A few months ago I purchased my own copy of this book and have been slowly working my way through with pen in hand, highlighting the parts of the story that speak to me in a particularly poignant way. What I’ve found is that it is the “little things” that make me connect to this book. The fact that Lena’s mom hated Jello. That oranges make her think of her mother’s funeral. That gray is her favorite color. Part of me thinks I’d know Lena if I met her on the street. (Though if I did she’d probably be pretty freaked out about all the stuff I just happen to know about her!)

When I write a story, I push out a first draft where I try not to go back and correct or change as I write. I get the story down (and all those pesky letters, words, and sentences build up into something resembling a plot, characters and lives), and then I go back. This is one of my favorite parts of the writing process. I go back and I really get to know my characters, and I try to add all the “little things” that may be missing in the text but have formed in my brain as I’ve written about their lives. This is when I write about Jessie’s eclectic collection of theater shirts or the crack on the back of Natalie’s iPhone case from when Clay dropped it in the supermarket. This is when characters become people, houses become homes, and feelings go from words to actual emotions that stir up inside of us in some shared way.

I like to look at the “little things” in my world and take note of what makes me and the people around me “real.” It is a fun experience if you’d like to try it. Sometimes it means taking an extra long look at someone when they don’t know you are watching them (not as creepy as it sounds). Or slowing down when you are in nature to take in every sensory detail and commit them to memory. I think that is the thing about writers–they feel deeply, they love deeply, they hurt deeply and then they remember deeply. And then, they share.

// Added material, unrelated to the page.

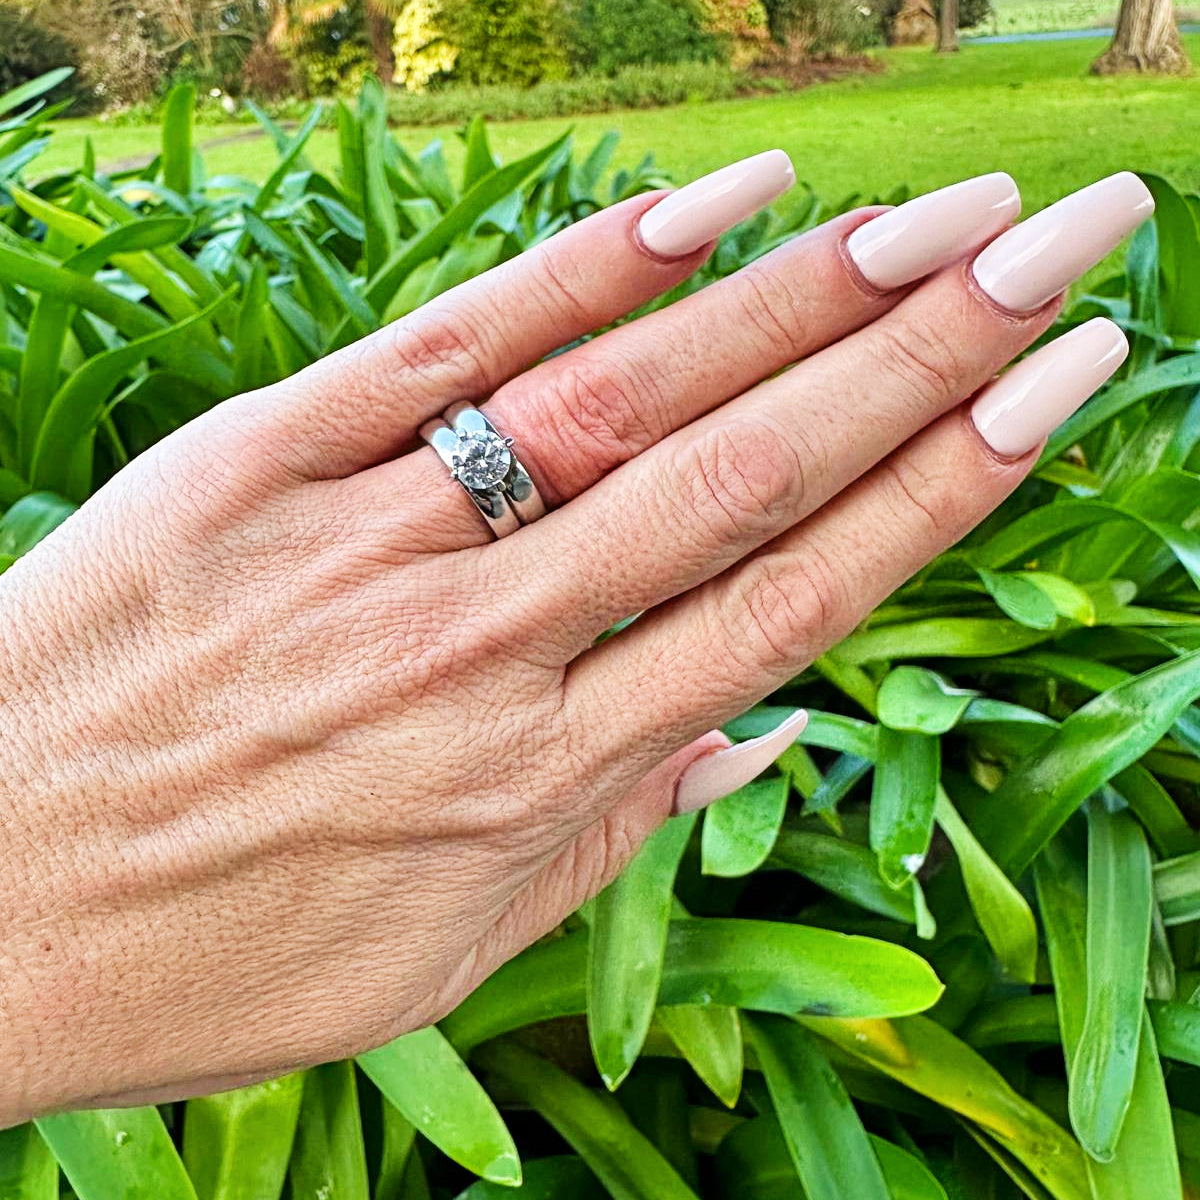 The Mimi Ring is a stunning 925 sterling silver ring that gives the illusion of a two-ring set. Featuring a large, attention-grabbing 3-carat cubic zirconia stone. Worldwide shipping

Whether you are a writer or not, it can’t hurt to take a moment to see the little things in your life that make you and the people around you memorable and special. I promise you’ll find greater value in the people you spend your days with, or the stranger you pass in the mall, or the cluster of trees you’ve walked past a thousand times. And if you are feeling dizzy from the mad rush of life, take a moment to focus on one of these small, bright spots that make you smile, and let you know that you aren’t a character on a page but that you are alive.